Semilir angin menampar wajah dengan lembut saat tanganmu menggenggam jemariku. Kita berjalan menyusuri pantai di pesisir pulau itu layaknya pengantin muda saja; malu-malu dengan rona bahagia.
Kamu lihat jejak di tepi pasir laut itu? Yang sepasang besar dan yang sepasang lagi kecil mungil. Tapak-tapak kaki itu mengisyaratkan persahabatan tulus antara manusia dan anjing peliharaannya. Mereka setia saling memelihara. Bukankah cinta sejati memang begitu? Ada keseimbangan antara memberi dan menerima, tulus bersahaja walau ombak atau badai hidup menerpa.
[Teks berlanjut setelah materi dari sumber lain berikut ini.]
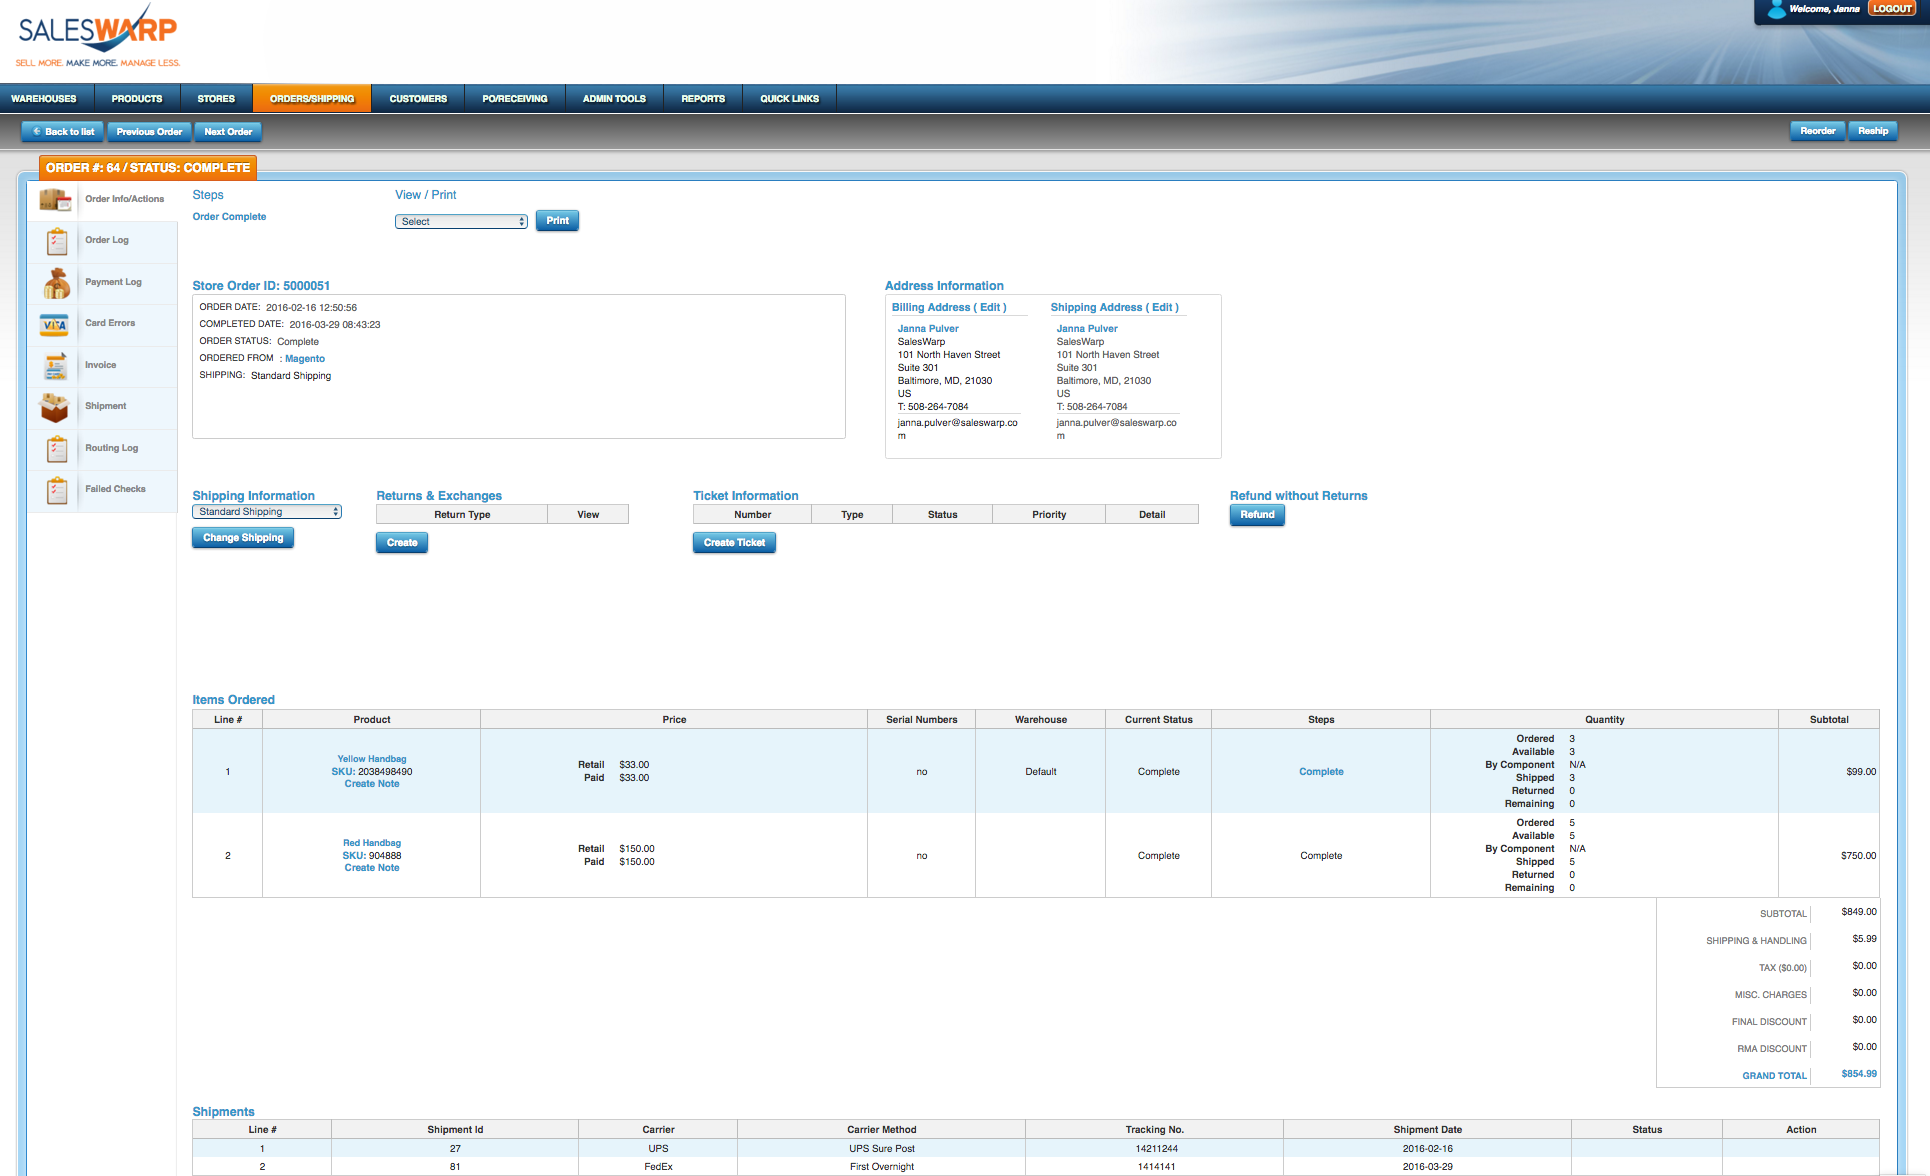 SalesWarp Demo - Order Detail
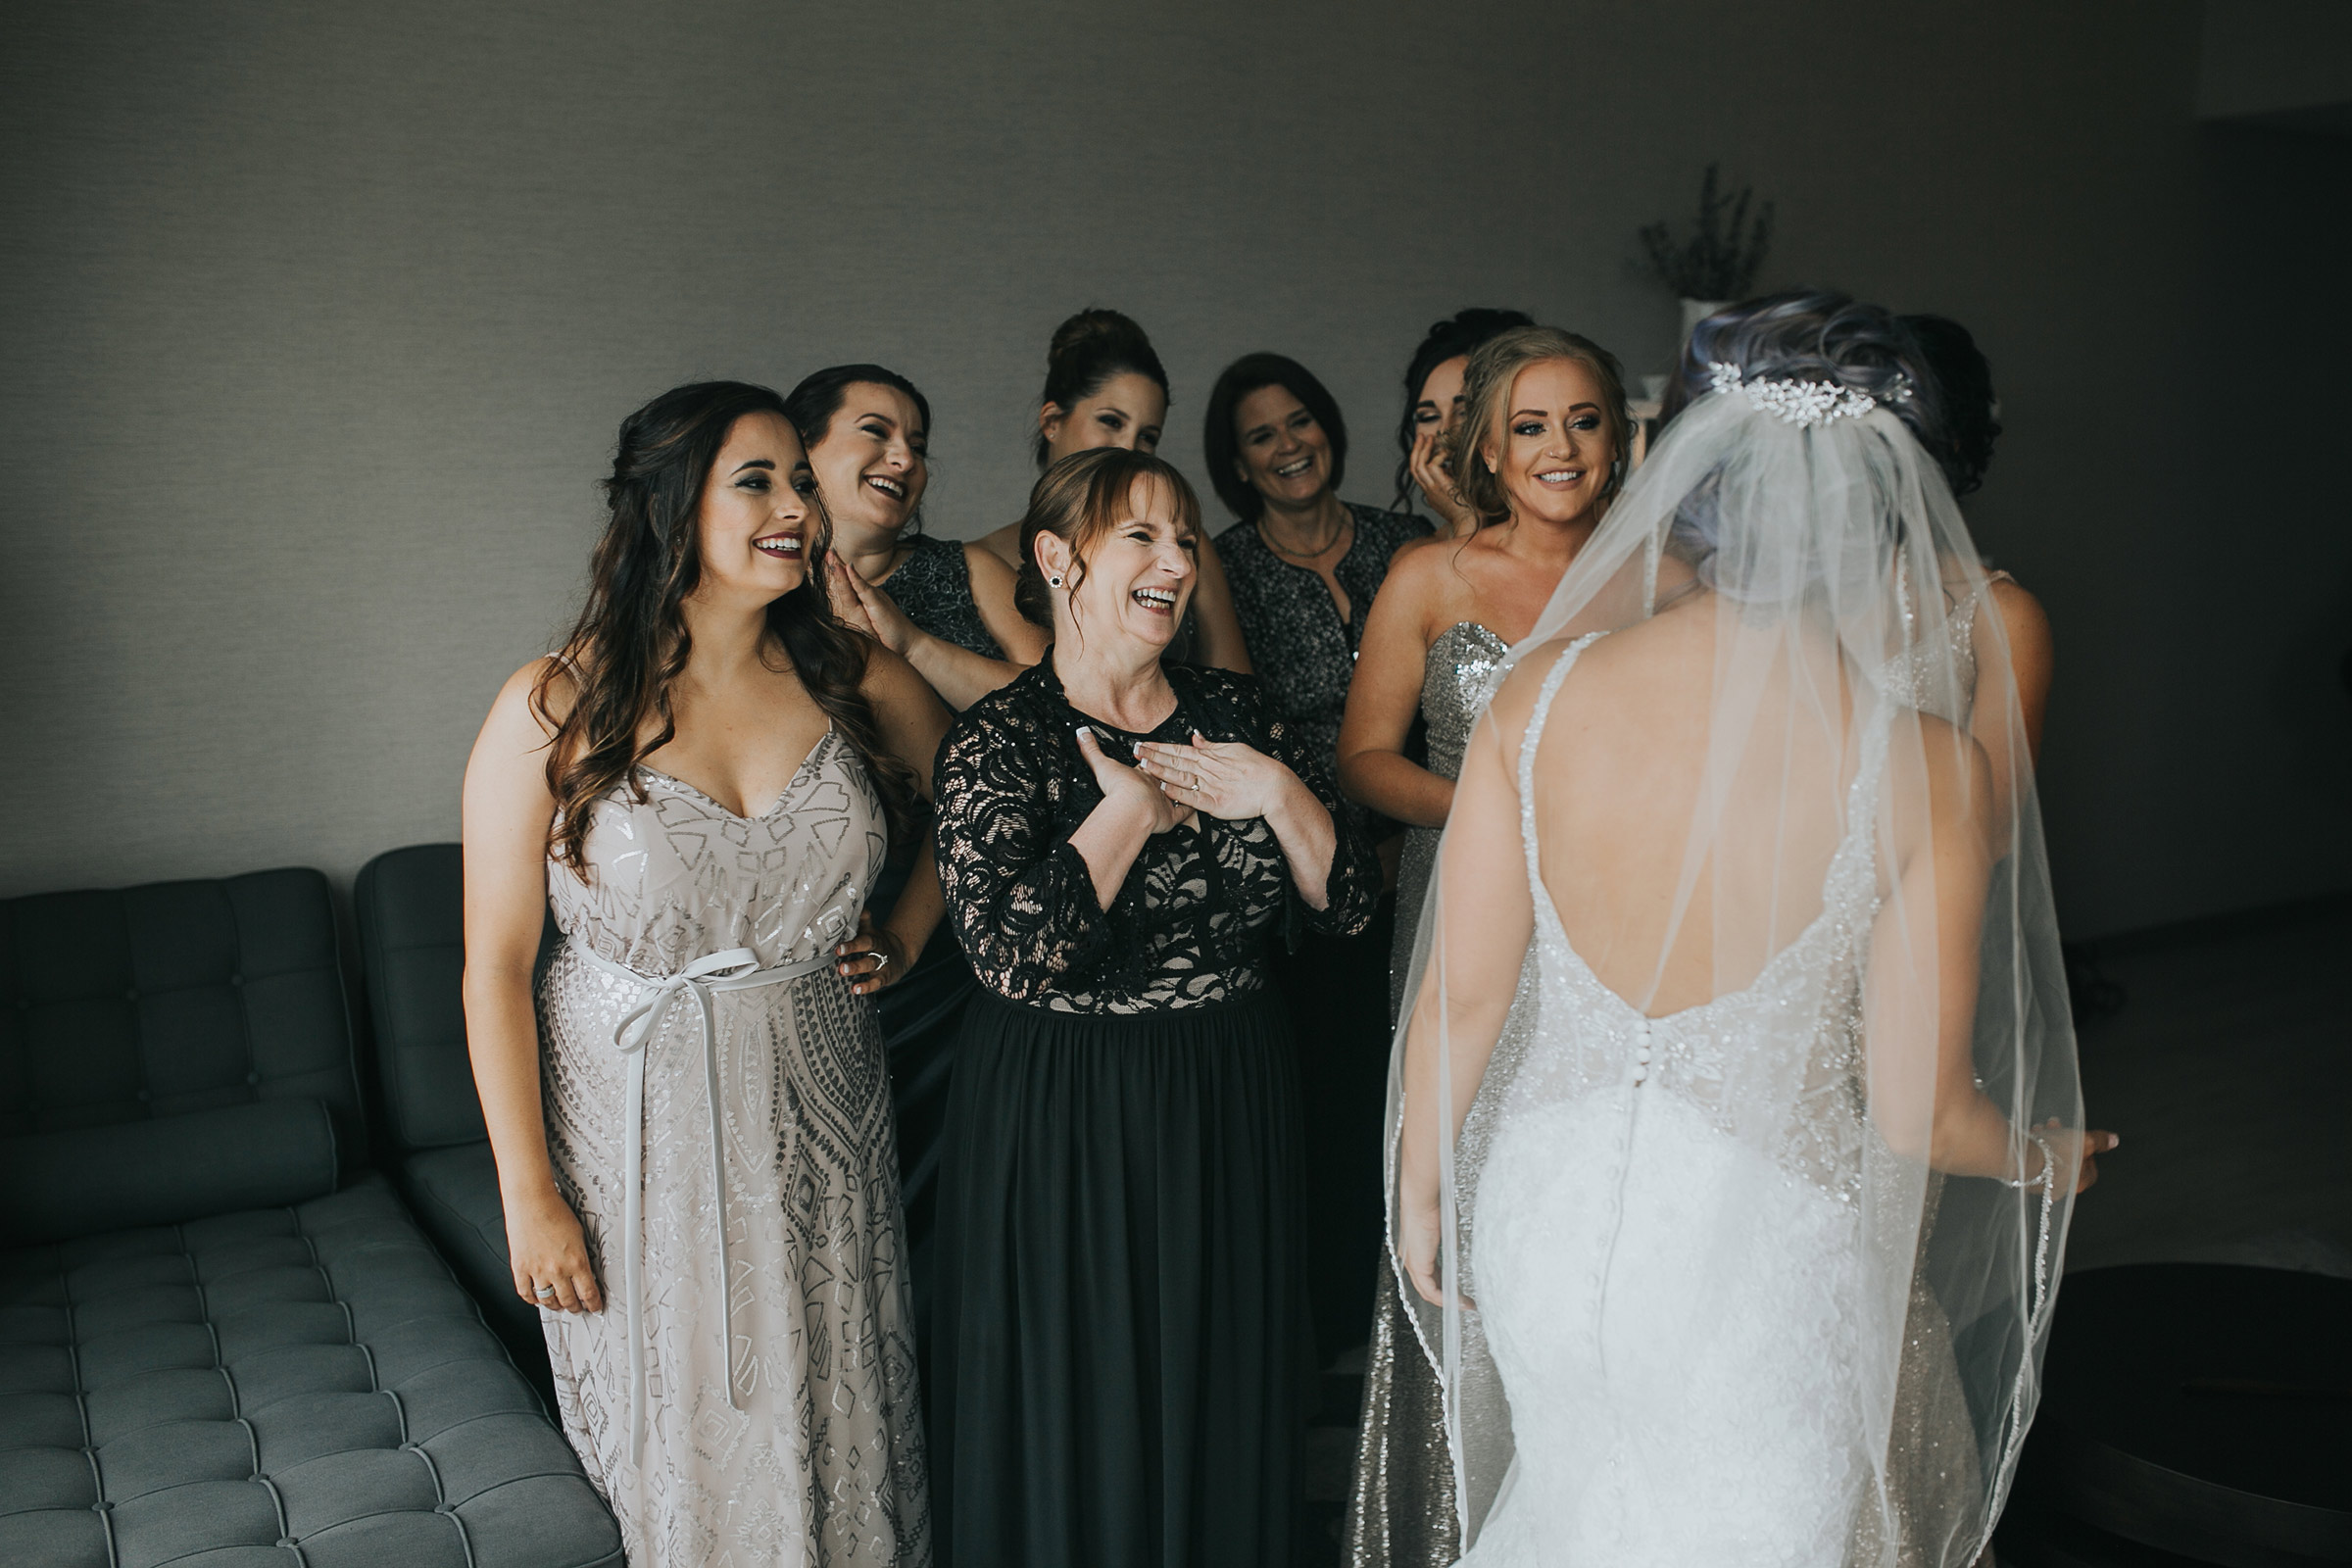 girls-reacting-to-brides-dress-desmoines-iowa-ac-hotel-raelyn-ramey-photography.jpg

Di ujung sana, bocah-bocah tanggung berkejaran saling mengejar bola, gurau mereka begitu lepas, begitu bahagia, temaram diterpa jingga. Kau lemparkan senyum padaku seraya mencari-cari adakah binar bahagia seperti anak kecil itu berpendar di mataku. Tak perlu kau pastikan itu, sayang. Aku bahagia bersamamu.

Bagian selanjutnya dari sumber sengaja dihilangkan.